Лето в Антарикше горело цветами. Огневыми россыпями снежно-алых и лимонно-бирюзовых разноцветий. Когда нагуливал лёгкий ветерок, долины пахли таким медоваром, таким сладким душлом, что голова слабела и предавалась тревожно-ласковым мечтаниям. Цветочная путина затопила всю землю. От каменных гор до морских проливов.

Дадхъянч сидел на высоком приступе хижины и однообразно бурашил молочную болтушку. Расплёскивая её себе на колени. Цветы, отражённые в его глазах, вымеркли. Когда возле хижины появилась Гаури, он спрятал глаза.

— Можно подумать, что ты собрался проткнуть миску насквозь, — сказала женщина, оценив его работу. Дадхъянч швырнул посудину на землю и успокоил лицо ладонями. Его пальцы стекли по щекам, и риши отпустил глаза на луговой разноцвет.

— Миска вещественна и потому имеет цену. Ей повезло. Что против неё душа? Так, ничтожество. Ни на что не годное и ни к чему не приспособленное, — вздохнул Дадхъянч.

— Ну вот опять.

Гаури подняла миску и обтёрла её краем долгополой телухи.

— Опять, — подтвердил риши. — Скажи ещё: «И чего ему не хватает?»

— Да, — твердо заявила женщина, — я не понимаю, чего тебе не хватает. Столько лет ты потратил на то, чтобы обрести известность среди пастухов. Не спал ночами, изнуряя себя этими бесконечными опытами с настойками и отварами. А сколько раз ты травился? Это что, не в счёт? Унижался, беря ничтожную плату за свои труды. За то, что спасал людям жизни. И вот теперь, когда тебя все знают, ты вдруг заявляешь, что оказался не при деле. Как это можно назвать?

Она замолчала, подавив в себе продолжение мысли.

— Ну и как это можно назвать? — не успокоился Дадхъянч.

— Блажь среднего возраста. Вот как, — вынесла свой приговор Гаури и ушла в хижину.

Жена Дадхъянча никогда не повышала голос. Никогда. Это ей было несвойственно. Вот и сейчас всю страсть своих душевных переживаний она отчеканила твердо и однозвучно. Будто бранила мальчишку. Не для острастки, а так — для порядка.

Дадхъянч покачал головой. Ему казалось, что его переломили пополам. По правилам какого-то выдуманного семейного благополучия. Ему хотелось спорить. Он не договорил. Вернее, не доворошил свою душевную язву. Со всей злобой и бесполезностью этого самомучительного порыва, на какие может быть способен неудачник среднего возраста.

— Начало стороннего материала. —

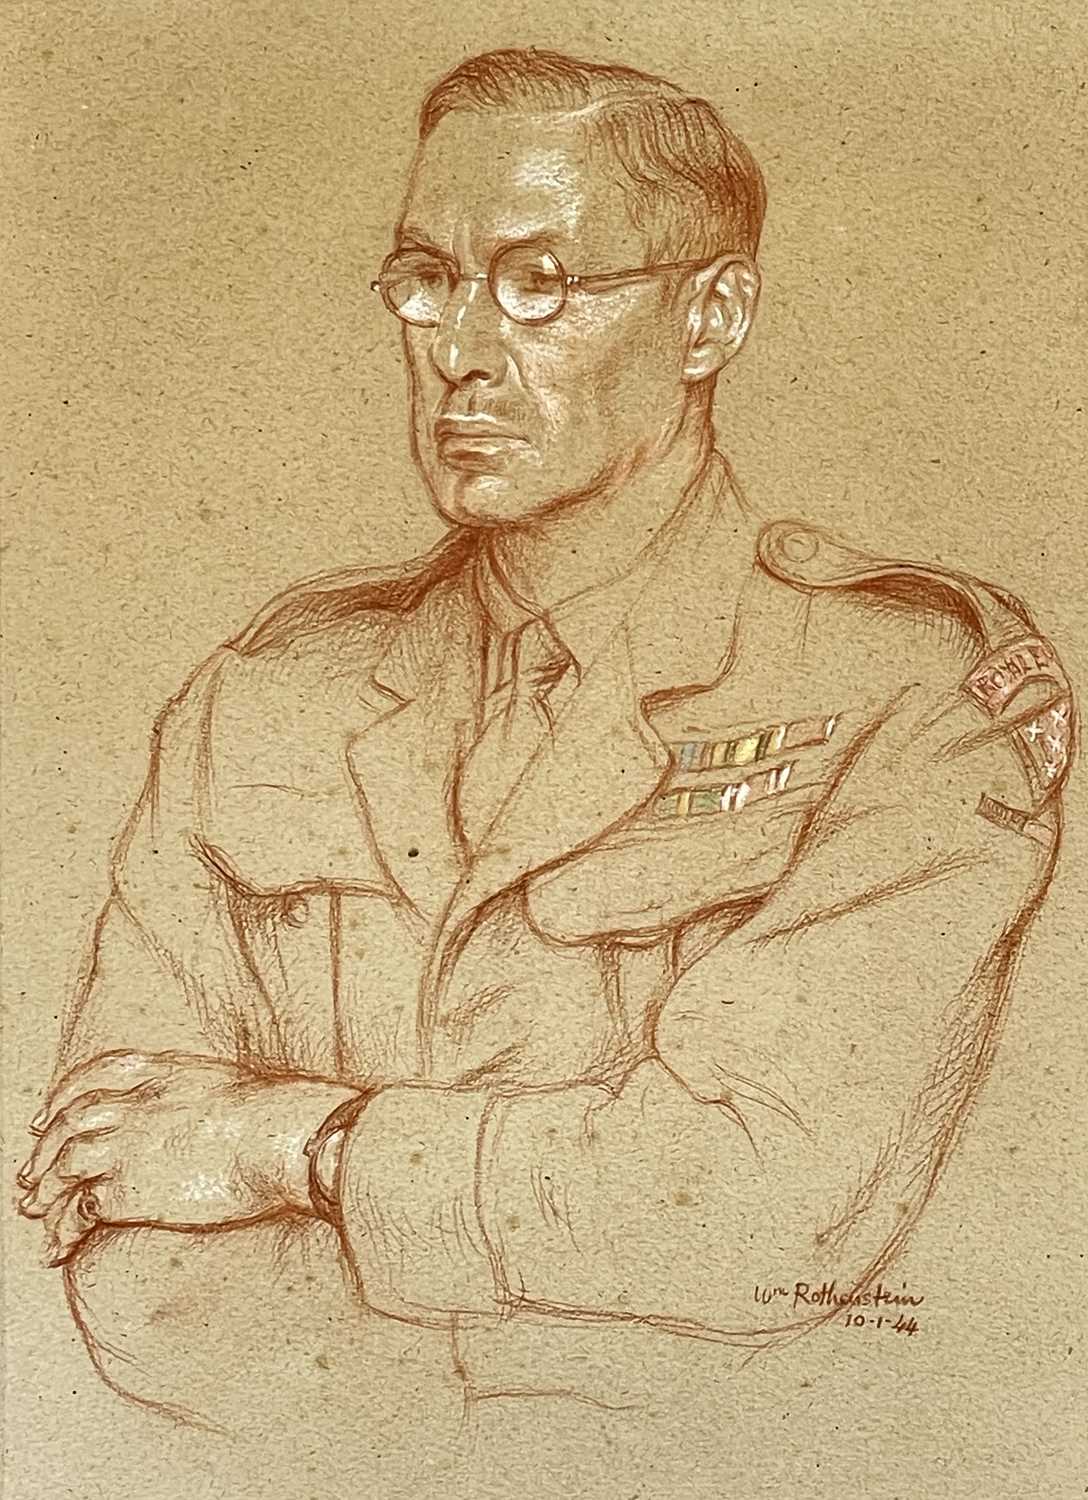 ‡ WILLIAM ROTHENSTEIN (British, 1872-1945) red and white chalk on paper - half portrait of an Army
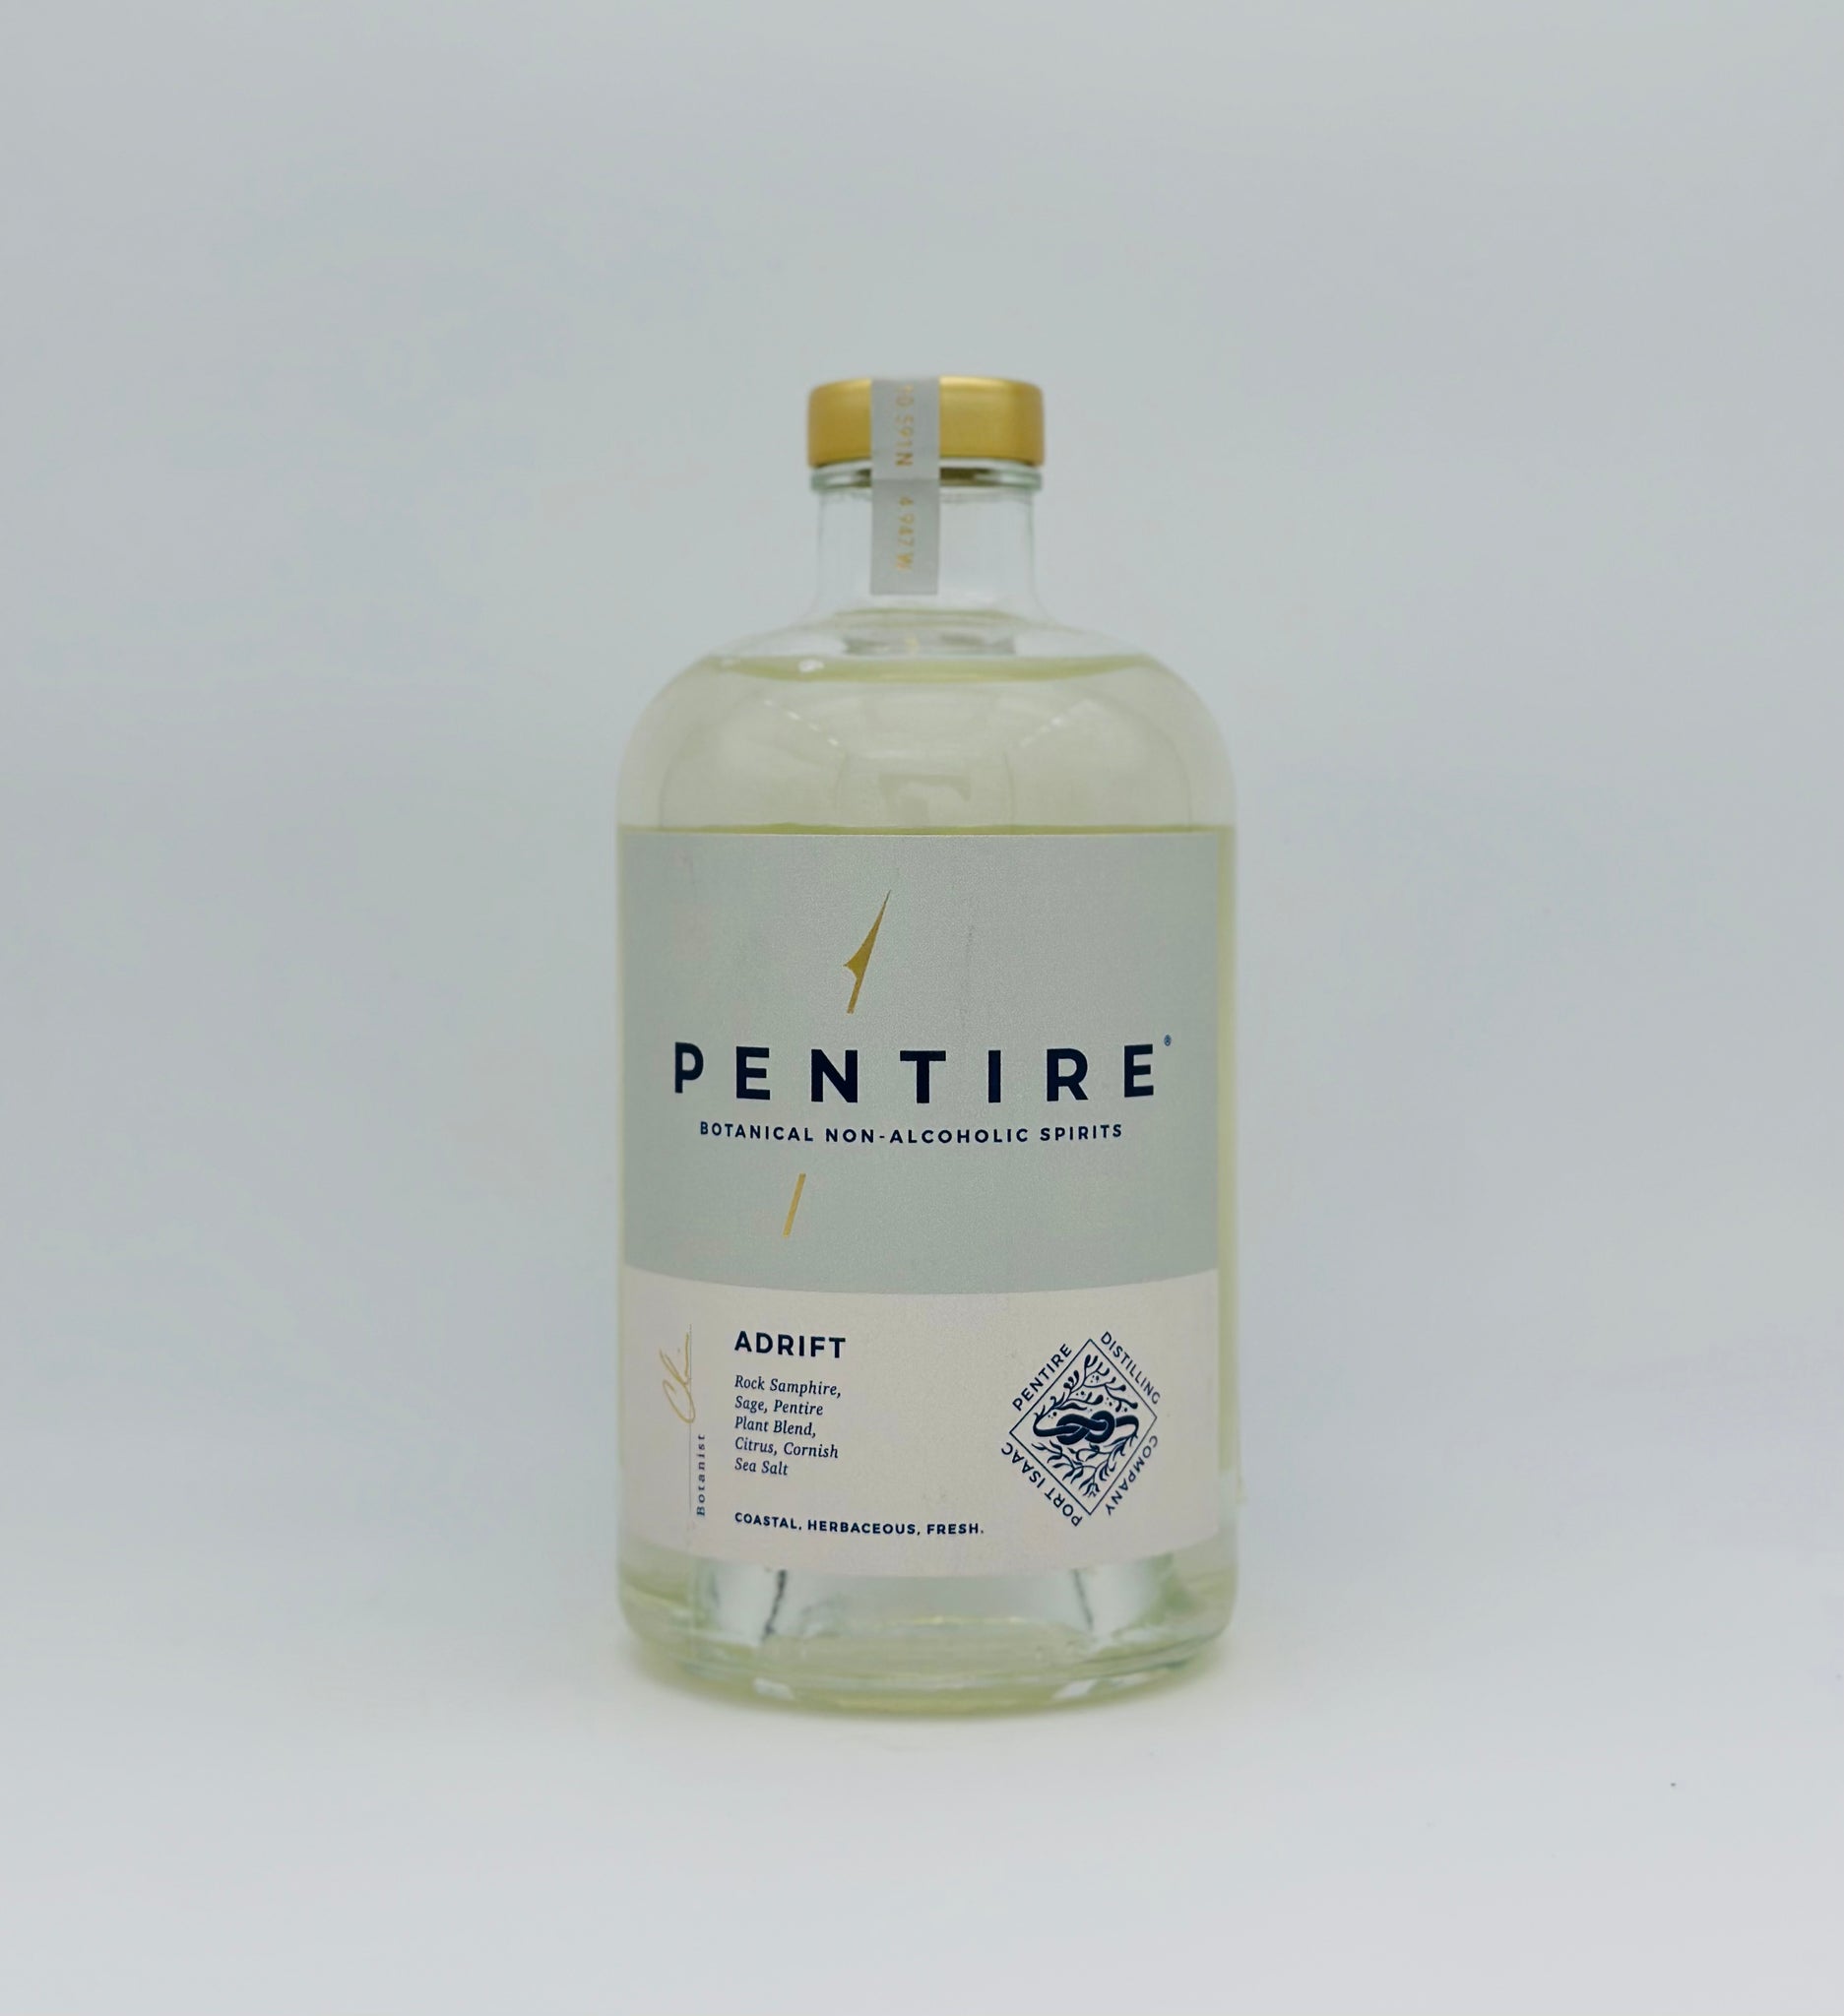 Pentire Adrift Botanical non-Alcoholic Spirit 70cl

Дадхъянч встал и отправился следом за женой. Ему навстречу из хижины выбежала прехорошенькая девочка тех лет, когда подобные разговоры между папой и мамой ещё не кажутся ссорой. Она схватила риши за пояс и потянула к себе что было силы.

— Чего тебе, Сари? — теряя боевой пыл, проговорил отец ребёнка.

— Ты обещал сводить меня в деревню. Туда, где козочки.

— Сходим… как-нибудь.

— Когда сходим?

Дадхъянч не ответил, высвободился из цепких детских ручонок и вошёл в хижину.

— Я ухожу, — сказал он застывшей возле очага жене.

Гаури даже не пошевелилась.

— Я должен уйти… На время. Помнишь, когда мы тебя прятали в маленькой горной хижине? Ты лежала без сознания, и я приходил к тебе каждый день. А дорога была такой долгой, но я не замечал времени. Совсем не замечал. Потому что знал, для чего живу. Мне казалось, что, если быть с тобою рядом, ты обязательно выживешь. Тогда я знал, для чего живу. А теперь всё не так…

— Иди, — перебила его Гаури.

Дадхъянч стал собирать всё необходимое. То, что приходило ему на ум. Бурдюк для воды, скребок для освежевания дичи, миску, верёвку для силка на птиц… Руки не слушались. А сердце просилось в дорогу. Сердце клокотало бескрайними далями вдруг распахнувшегося во все стороны мира. Желая подарить его ногам. Но ноги тоже не слушались. Им хотелось остаться дома.

Дадхъянч подумал, что если он сейчас, вот в эту минуту, не уйдёт, то не уйдёт уже никогда.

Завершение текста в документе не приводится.